On July 25, 2017 we entered into an Agreement and Plan of Merger, or the Merger Agreement, with OpenText Corporation, or OpenText, pursuant to which a wholly-owned subsidiary of OpenText will, upon the terms and subject to the conditions set forth in the Merger Agreement, commence a tender offer for all outstanding shares of Guidance Software, Inc., followed by a merger to acquire any untendered shares.  Upon the terms and subject to the conditions set forth in the Merger Agreement, at the effective time of the merger, each share of common stock of Guidance Software issued and outstanding immediately prior to the effective time of the merger will be cancelled and automatically converted into the right to receive $7.10 in cash, without interest and subject to any applicable withholding taxes.


Uncertainty about the effect of the proposed merger on our employees, customers and technology partners may have a significant adverse impact our business and operations.
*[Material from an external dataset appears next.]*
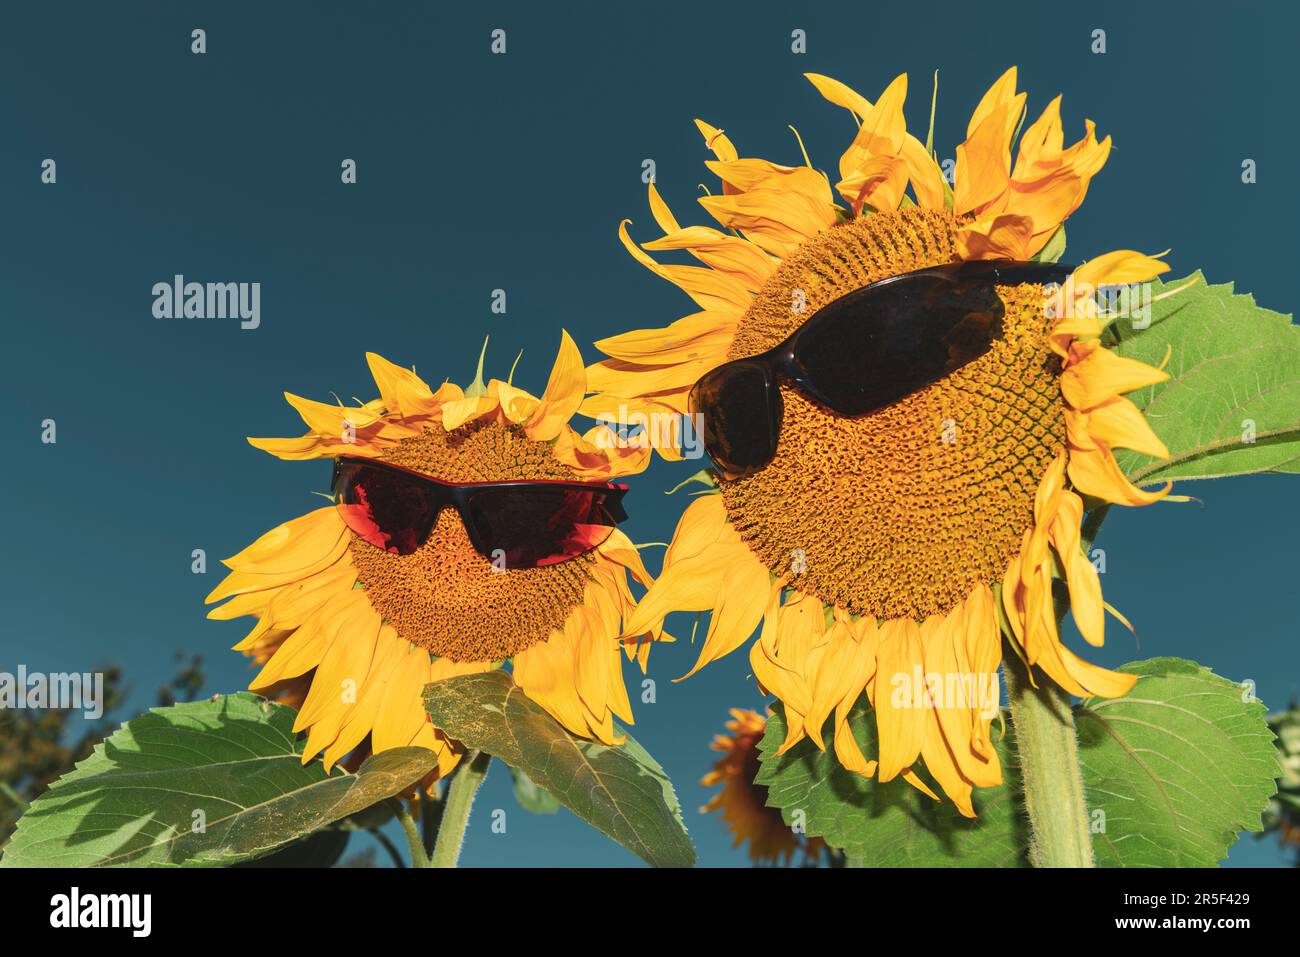 Funny sunflower couple wearing sunglasses.  Symbol of summer. Happy flowers Stock Photo

Our employees may experience uncertainty about their positions with the company following the merger. We may be unable to attract and retain key talent as we had prior to announcement of the Merger Agreement. Any loss or distraction of such employees could have a material adverse effect on our business and operations. Management resources have been, and will continue to be, directed towards the completion of the merger, which could materially adversely affect our business and operations.


Completion of the merger with OpenText is subject to conditions beyond our control that may prevent, delay or otherwise adversely affect its completion in a material way, including the expiration or termination of applicable waiting periods under antitrust and competition laws, national security laws relating to foreign ownership of American companies, and similar approvals or consents that must be obtained from regulatory entities and government agencies. If the merger or a similar transaction is not completed, the share price of our common stock may drop to the extent that the current market price of our common stock reflects an assumption that a transaction will be completed. In addition, under circumstances specified in the Merger Agreement, we may be required to pay a termination fee of $6,014,095.55 in the event the merger is not consummated or if a proposal by a third party competitive to the Merger Agreement is publicly disclosed or consummated. Further, a failure to complete the merger may result in negative public opinion of us by customers and investors. Any disruption to our business and increased competition resulting from the proposed merger could continue or accelerate in the event of a failure to complete the merger. No assurances can be given that our business will not be adversely affected if the merger is not consummated.